Былое и думы. Эмиграция

Часть пятая. Париж — Италия — Париж (1847–1852)

Начиная печатать еще часть «Былого и думы», я опять остановился перед отрывочностью рассказов, картин и, так сказать, подстрочных к ним рассуждений. Внешнего единства в них меньше, чем в первых частях. Спаять их в одно — я никак не мог. Выполняя промежутки, очень легко дать всему другой фон и другое освещение — тогдашняя истина пропадет. «Былое и думы» — не историческая монография, а отражение истории в человеке, случайно попавшемся на ее дороге. Вот почему я решился оставить отрывочные главы, как они были, нанизавши их, как нанизывают картинки из мозаики в итальянских браслетах: все изображения относятся к одному предмету, но держатся вместе только оправой и колечками.

Для пополнения этой части необходимы, особенно относительно 1848 года, мои «Письма из Франции и Италии»; я хотел взять из них несколько отрывков, но пришлось бы столько перепечатывать, что я не решился.

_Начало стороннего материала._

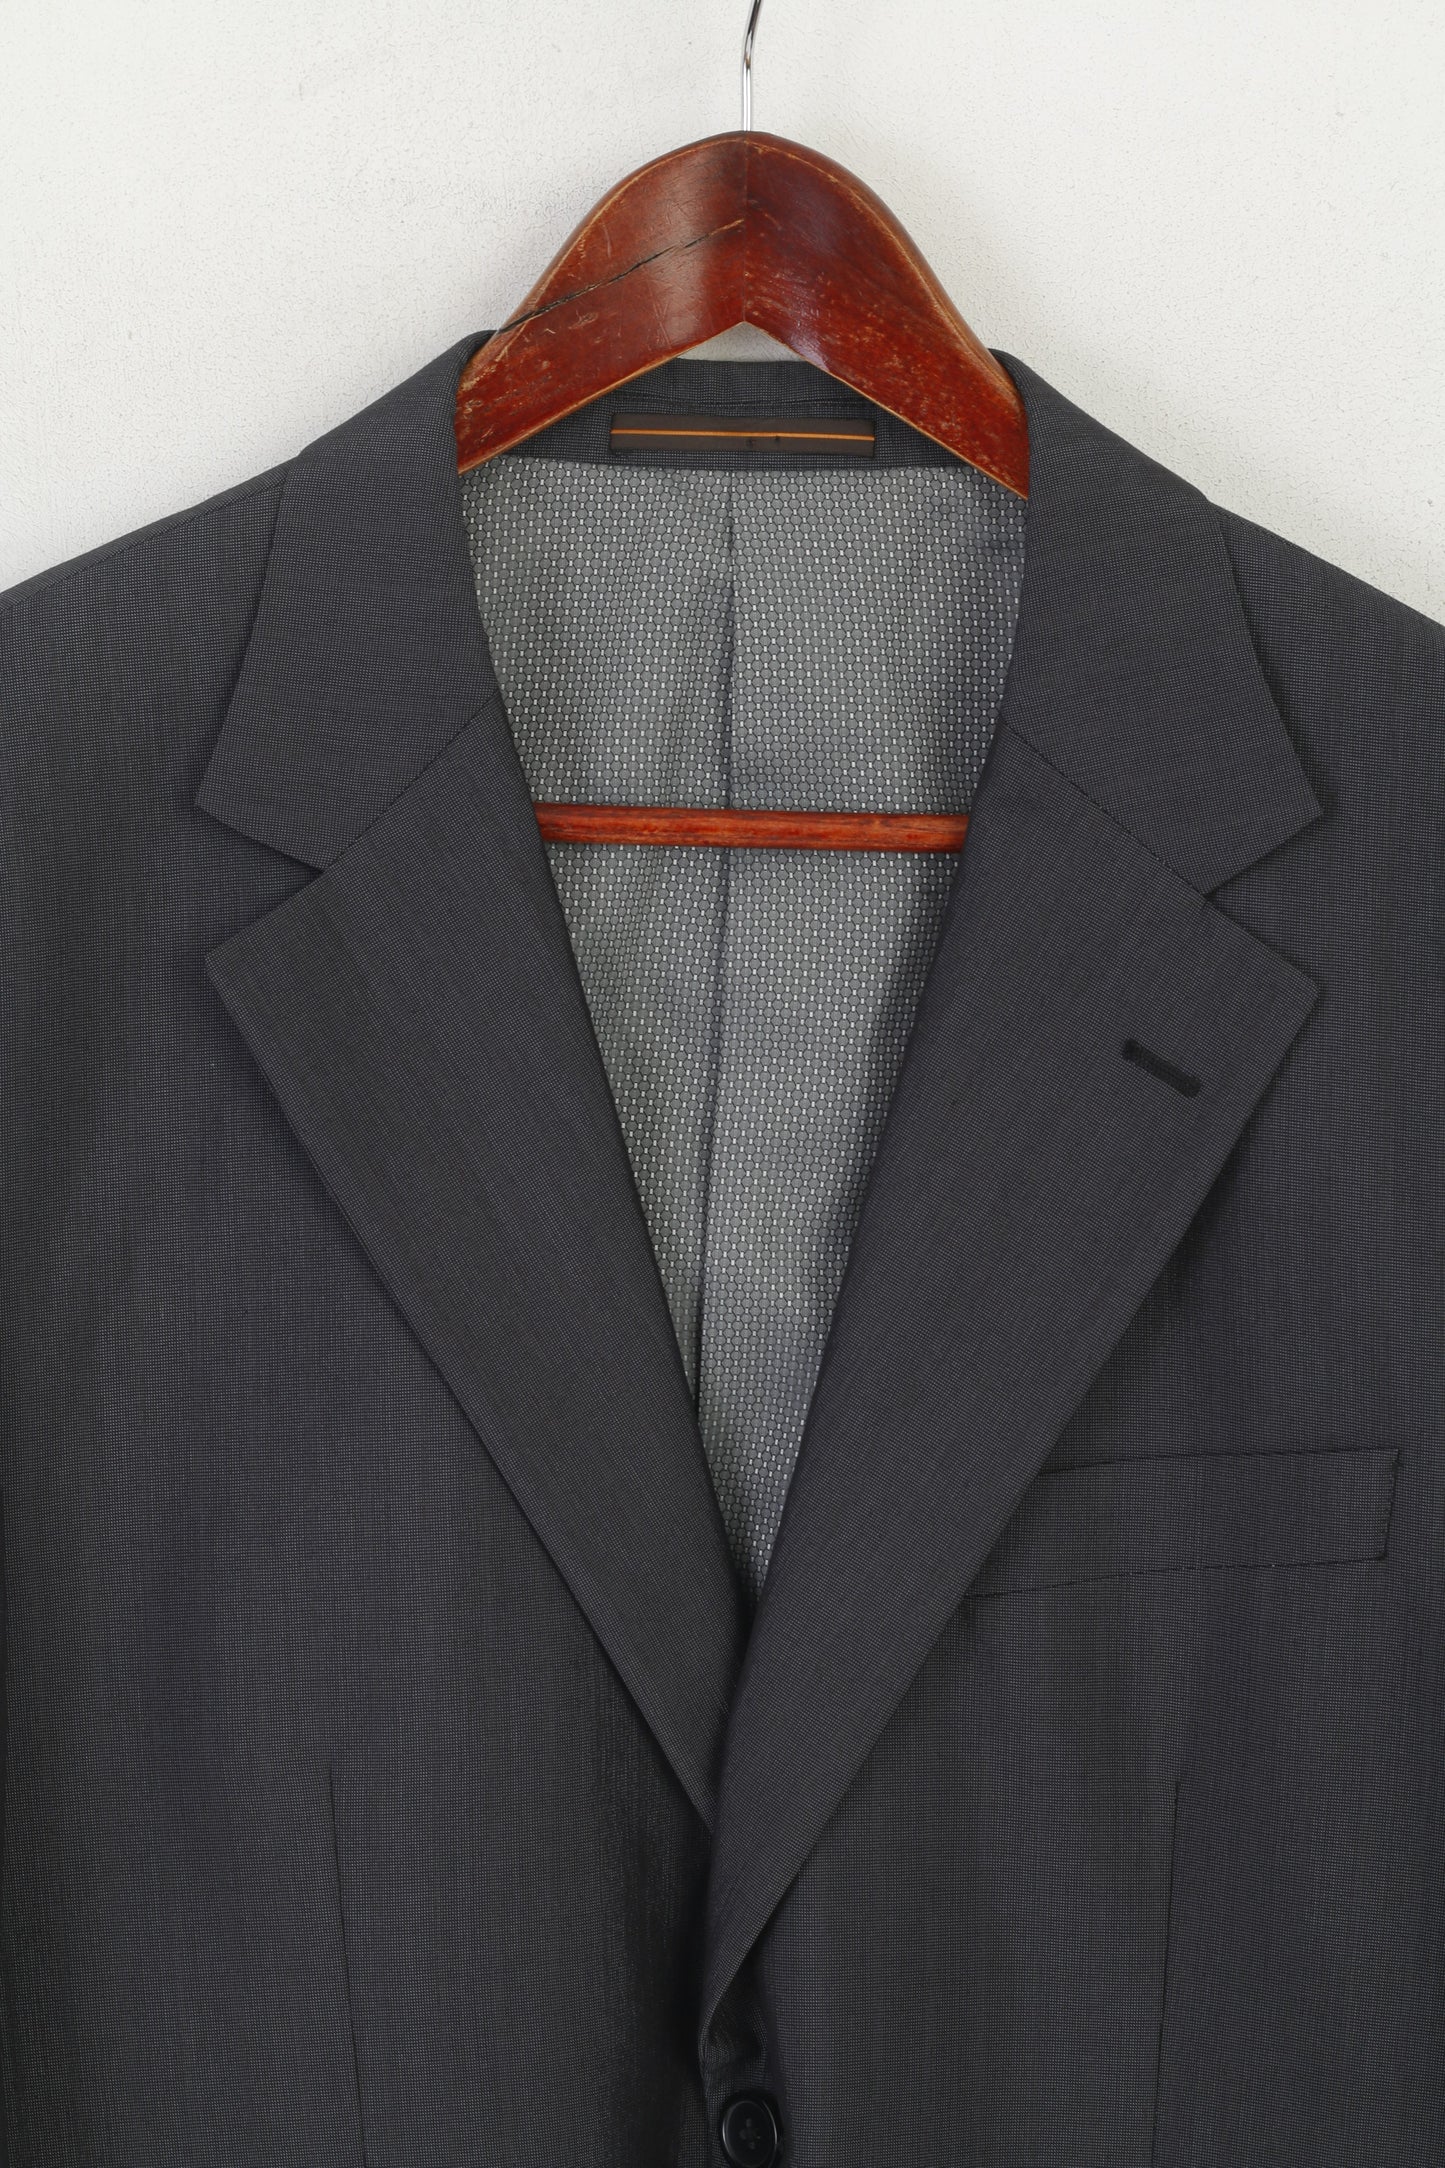 San Luca Men 54 44 Blazer Charcoal Single Breasted Shiny Vintage Shoulder Pads Jacket
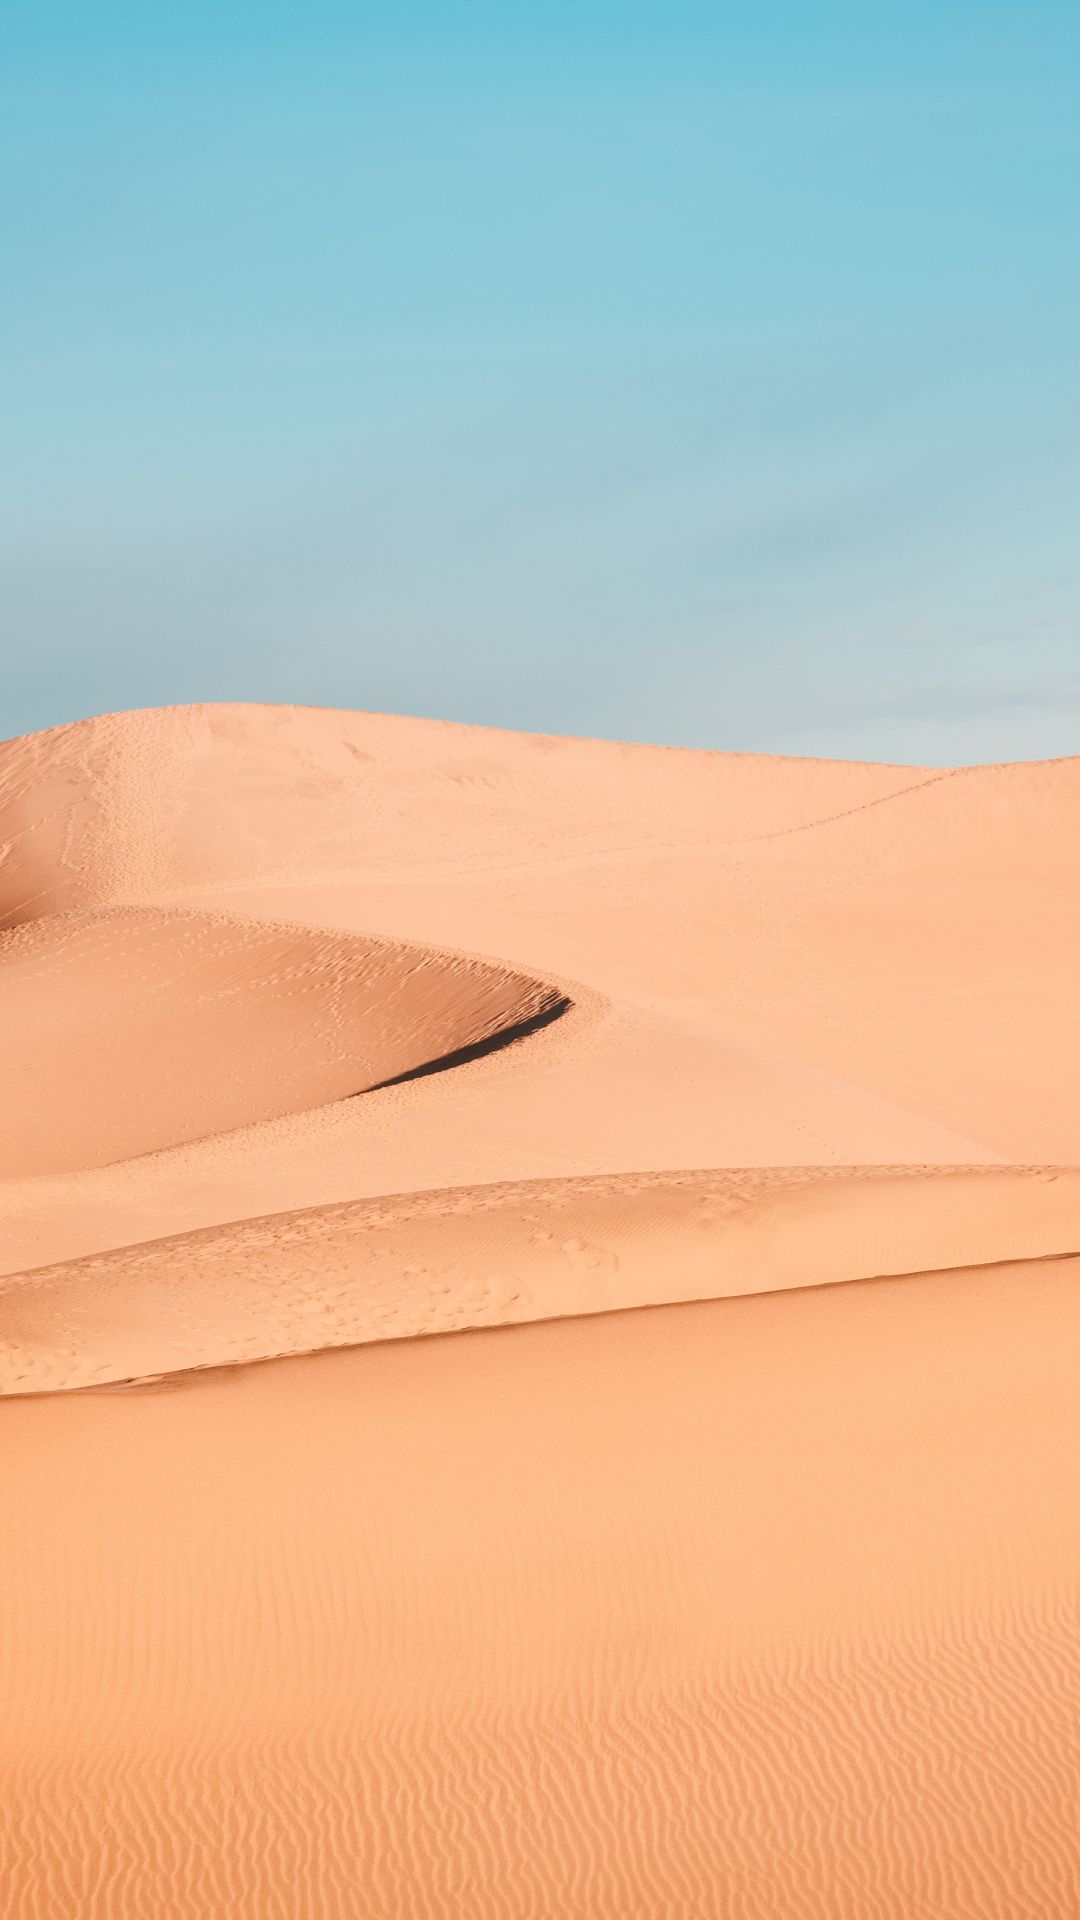 1080x1920 Sand, desert, dunes, landscape Wallpaper | Landscape wallpaper, Environment photography, Wallpaper

Многое, не взошедшее в «Полярную звезду», взошло в это издание — но всего я не могу еще передать читателям, по разным общим и личным причинам. Не за горами и то время, когда напечатаются не только выпущенные страницы и главы, но и целый том, самый дорогой для меня…

...
Женева, 29 июля 1866

Перед революцией и после нее

Глава I. Путь

Потерянный пасс. — Кёнигсберг. — Собственноручный нос. — Приехали! — И уезжаем

…В Лауцагене прусские жандармы просили меня взойти в кордегардию. Старый сержант взял пассы, надел очки и с чрезвычайной отчетливостью стал вслух читать все, что не нужно: «Auf Befehl s. k. M. Nicolai des Ersten… allen und jeden denen daran gelegen etc, etc… Unterzeichner Peroffski, Minister des Innern, Kammerherr, Senator und Ritter des Ordens St. Wladimir… Inhaber eines goldenen Degens mit der Inschrift für Tapferkeit» [«По указу е. и. в. Николая Первого… всем и каждому, кому ведать надлежит и т. д., и т. д. … Подписал Перовский, министр внутренних дел, камергер, сенатор и кавалер ордена св. Владимира… имеющий золотое оружие с надписью «За храбрость» (нем.).]…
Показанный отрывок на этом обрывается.